Various readers in MCLinker are all implemented as a library. As I mentioned in last mail, there is an Object File version readers too. These readers generate MCLinker IR for performing core linking algorithms such as symbol resolution and relocation, which we are working on. Finally, MCLinker will call a DSOwriter or an EXEWriter to generate .so or executable. As readers, these writers will be implemented as a library.

Jush

A helpful link-time optimization would be to place subroutines that
are used close together in time also close together in the executable
file. That also goes for data that is in the executable file, whether
initialized (.data segment) or zero-initialized (.bss).

If the unit of linkage of code is the function rather than the
compilation module, and the unit of linkage of data is the individual
data item rather than all the .data and .bss items together that are
in a compilation unit, you could rearrange them at will.

For architectures such as ARM that cannot make jumps to faraway
addresses, you could make the destinations of subroutine calls close
to the caller so you would not need so many trampolines.

The locality improves the speed because the program would use the code
and data caches more efficiently, and would page in data and code from
disk less often.

Having fewer physically resident pages also saves on precious kernel
memory. I read in O'Reilly's "Understanding the Linux Kernel" that on
the i386 architecture, the kernel's page tables consume most of the
physical memory in the computer, leaving very little physical memory
for user processes!

A first cut would be to start with the runtime program startup code,
which for C program then calls main(). The subroutines that main
calls would be placed next in the file. Suppose main calls Foo() and
then Bar(). One would then place each of the subroutines that Foo()
calls all together, then each of the subroutines that Bar() calls.

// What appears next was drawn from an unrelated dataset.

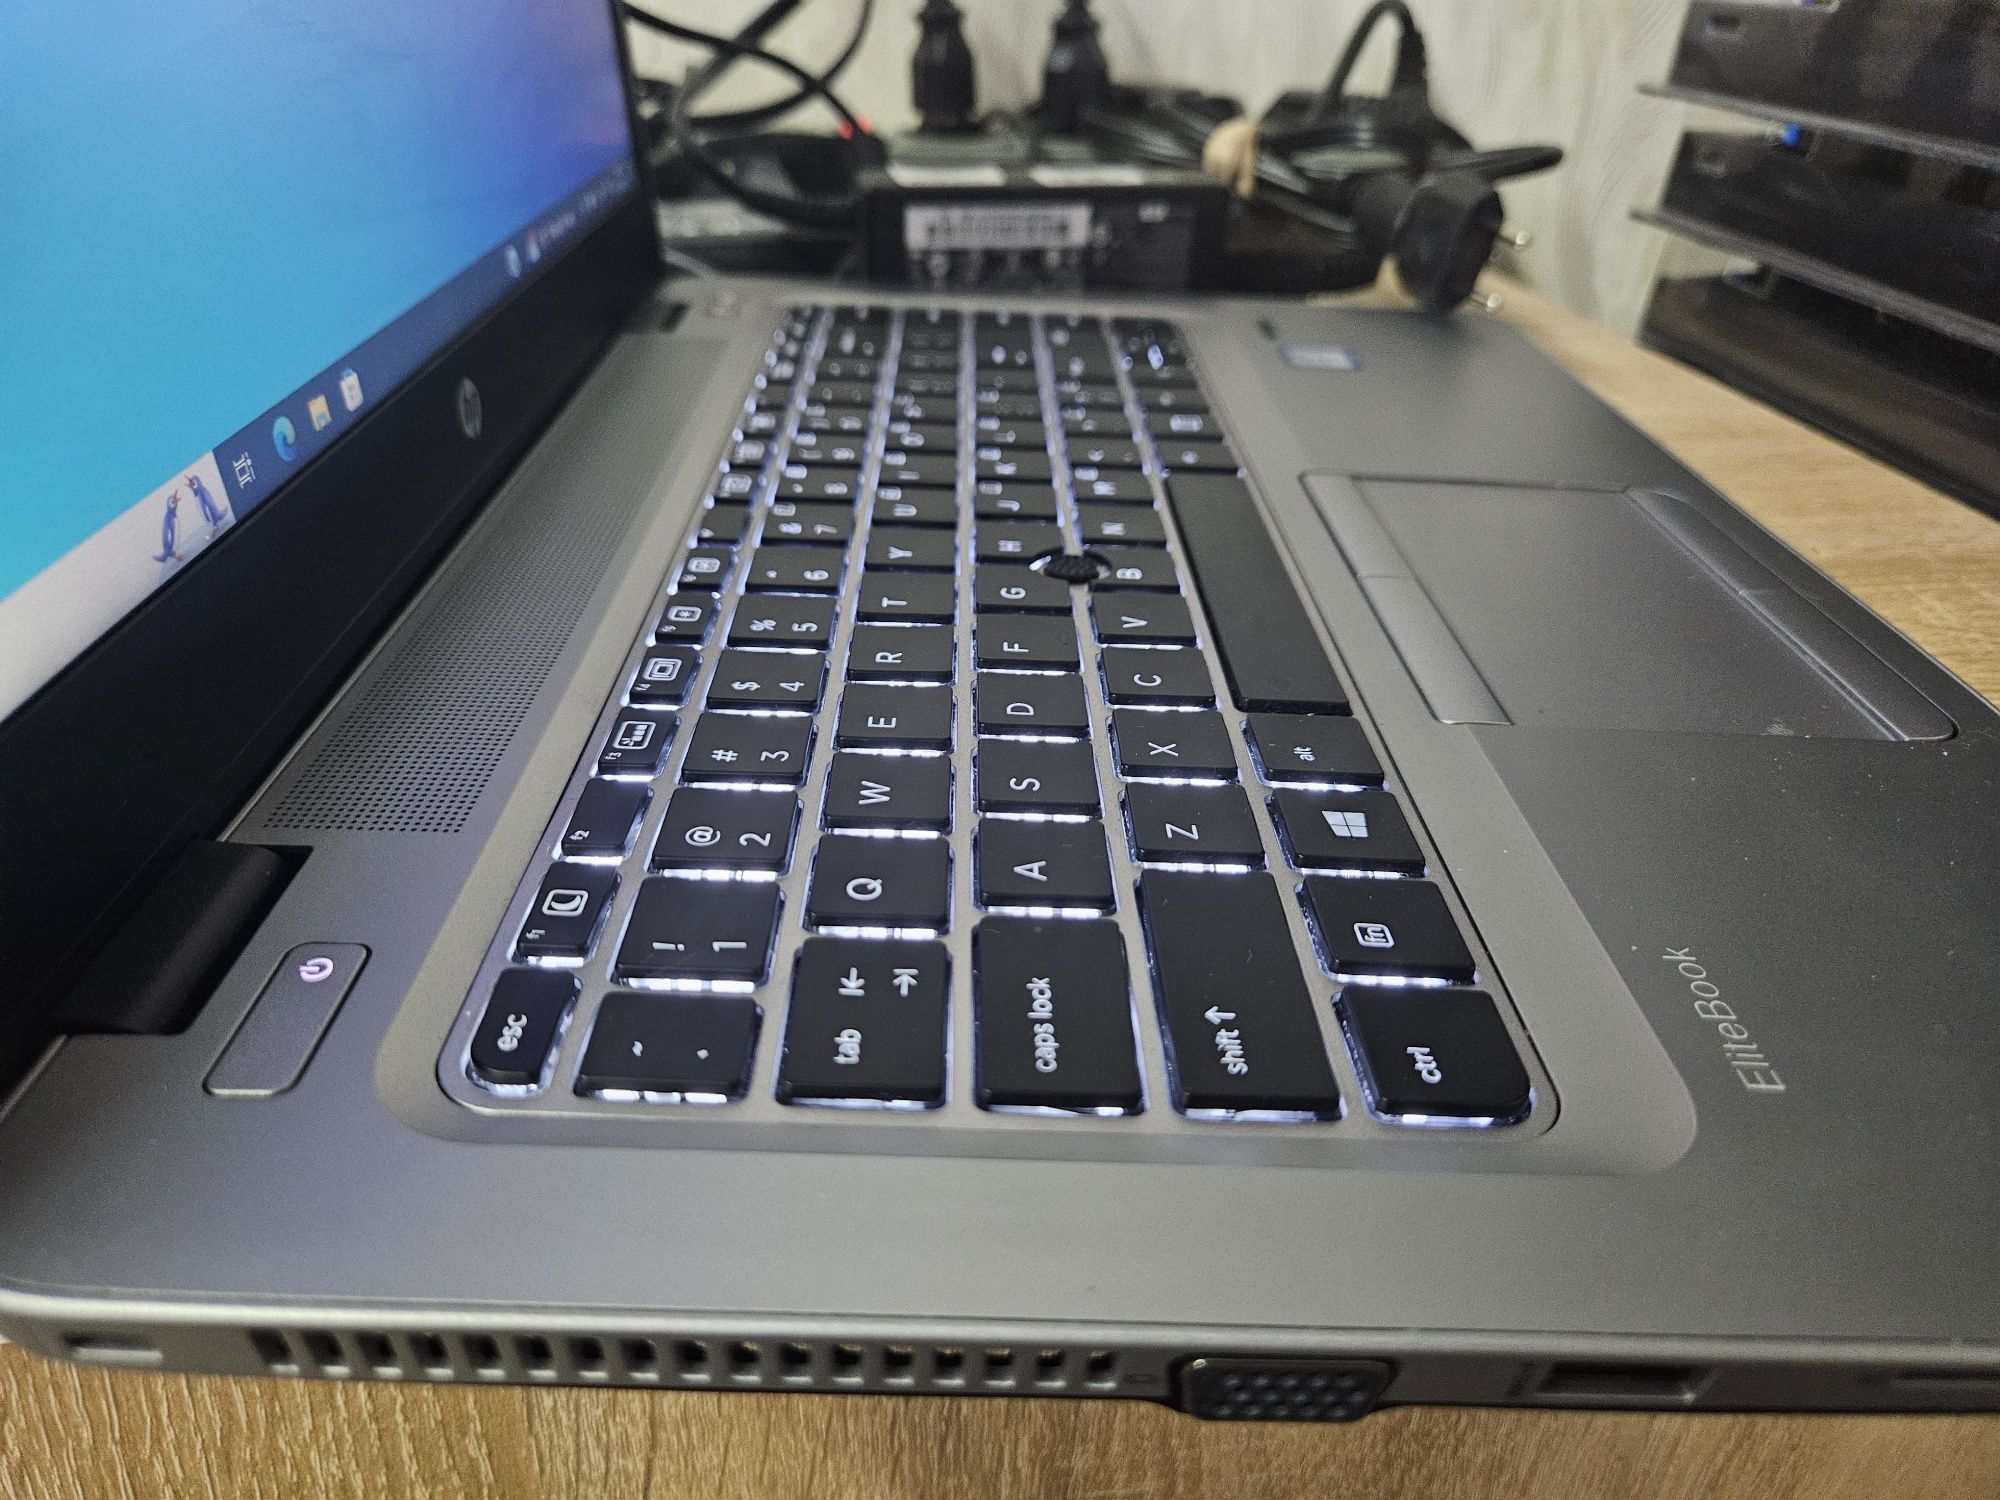 Ноутбук HP EliteBook 840 G3 i5-6300U/16Gb DDR4/ 128Gb SSD/14"

This static analysis does not capture virtual calls (either C++ or
Objective-C). It may also causing error handling code to be moved into
the "hot" area.

It would be best if some static analysis were performed to determine
in what order subroutines are called, and in what order .data and .bss
memory is accessed.

Getting that analysis right for the general case would not be easy, as
the time-order in which subroutines are called may of course depend on
the input data. To improve the locality, one could produce an
instrumented executable which saved a stack trace at the entry of each
subroutine. Examination of all the stack traces would enable a
post-processing tool to generate a linker script that would be used
for a second pass of the linker. This is a form of profiler-guided
optimization.

At Apple we generate "order files" by running a program under dtrace.
We use a feature of dtrace that sets a "one shot" break point on the
start of every function. You then run the program (under dtrace) and
you get a list of functions in the order they were first called with
no need to build a special version of the program.

Given that the optimal ordering is dependent on what the user does
to exercise different parts of the program, we've concluded the minimal
ordering is to just get initialization functions ordered. This also helps
programs launch faster (less paging).